I always had a better set up when my set was on one mono track with breaks in between to re-tune/take a breather. I ran that pre-mixed file from either an iPod, computer or phone to the FOH using a 1/8" to XLR mono adapter. Just make sure you mix your tracks while practicing at a gigging volume so you get a balanced mix based on how you want to sound.

My general experience/tips from playing Post?Black?Dreamy?

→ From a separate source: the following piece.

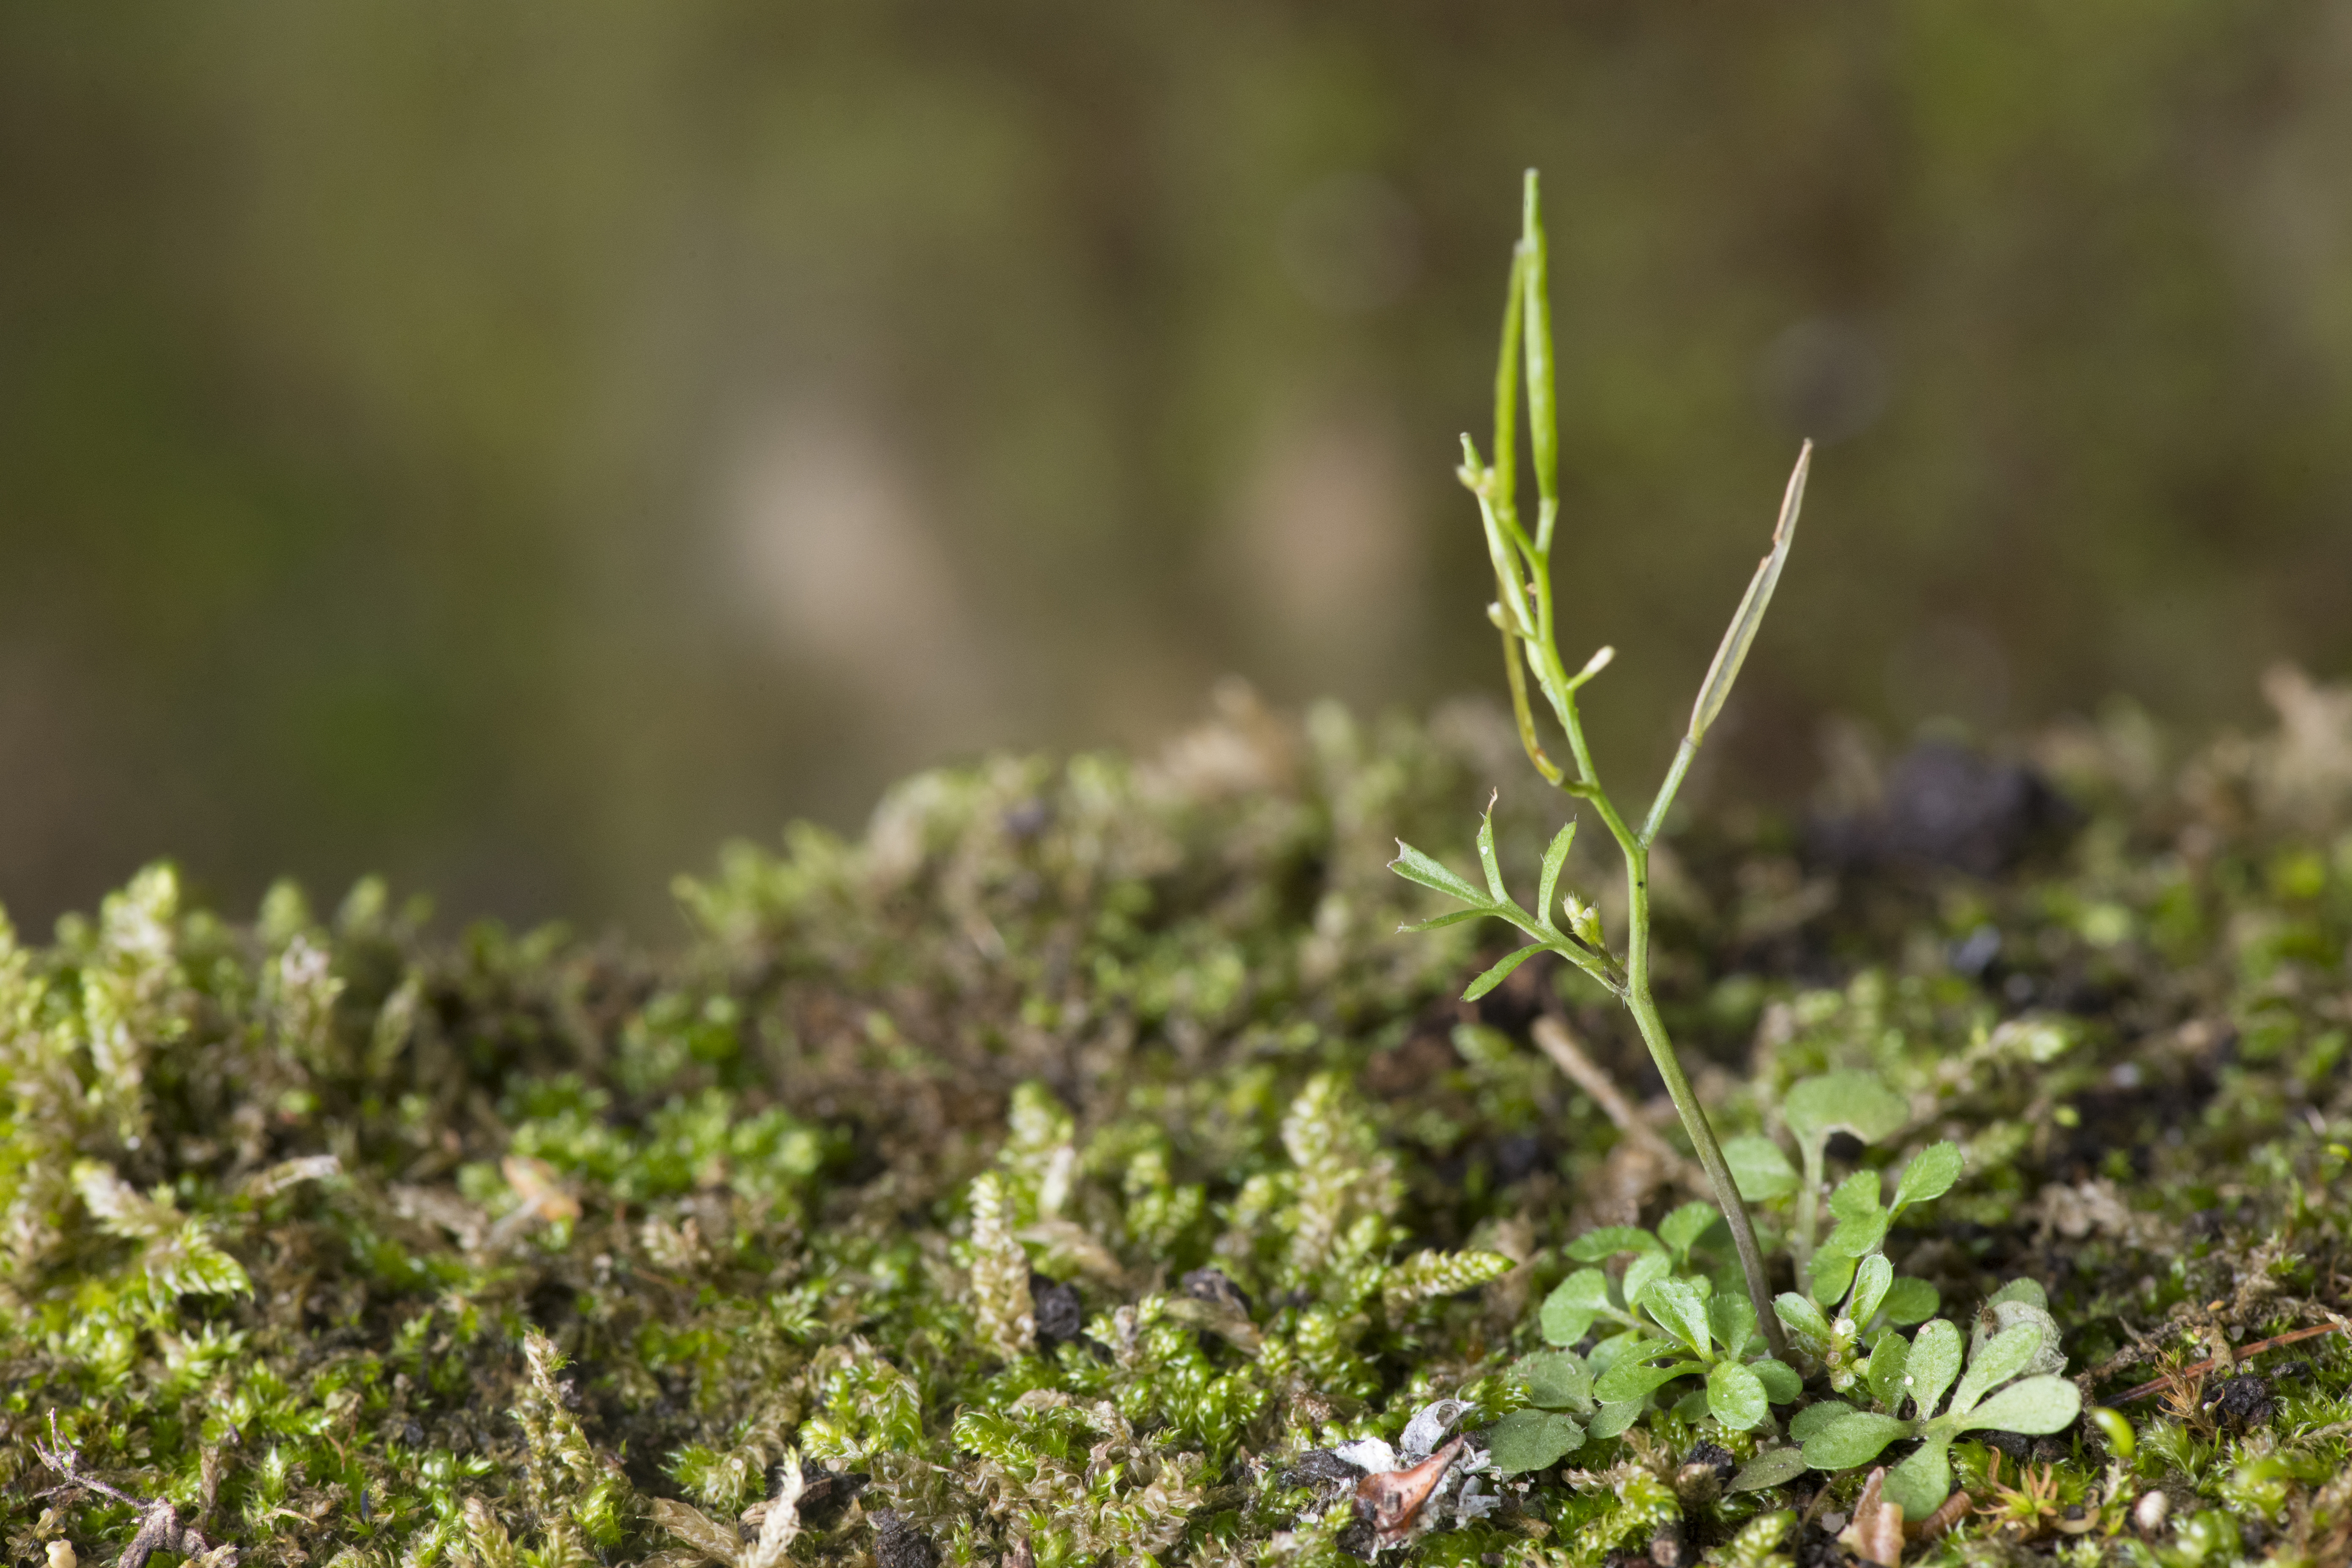 Small plant shoot growing among moss

Metal for a few years

Tutorial I did on automating patches

What all that sounds like live


Hope this helps!


----------



## spudmunkey (Jul 19, 2019)

lewis said:


> crankyrayhanky said:
> 
> 
> > Why not ditch the cpu & grab a cheap MP3 player?
> ...


----------



## cronux (Jul 22, 2019)

Tnx guys, here's a short clip from our rehersal -> if it would sound like this it would be perfect 

https://www.dropbox.com/s/qdvgn7ekrmhuota/VID_125570209_133903_766.mp4?dl=0

* drums track is an mp3, played from a mobile phone plugged into the mixer that runs that into the PA -> picture of the cable is below


----------



## WhiteLightOfDeath (Jul 22, 2019)

Not stupid at all
Look at AAL

Good question
....And also im in the same boat


----------



## ZXIIIT (Jul 22, 2019)

cronux said:


> Tnx guys, here's a short clip from our rehersal -> if it would sound like this it would be perfect
> 
> https://www.dropbox.com/s/qdvgn7ekrmhuota/VID_125570209_133903_766.mp4?dl=0
> 
> * drums track is an mp3, played from a mobile phone plugged into the mixer that runs that into the PA -> picture of the cable is below


Sounds good!

I have some tips, when you use your phone, set it to Airplane mode and make sure you are running the tracks from the phone itself and not dropbox or something similar, I learned both of those things the hard way.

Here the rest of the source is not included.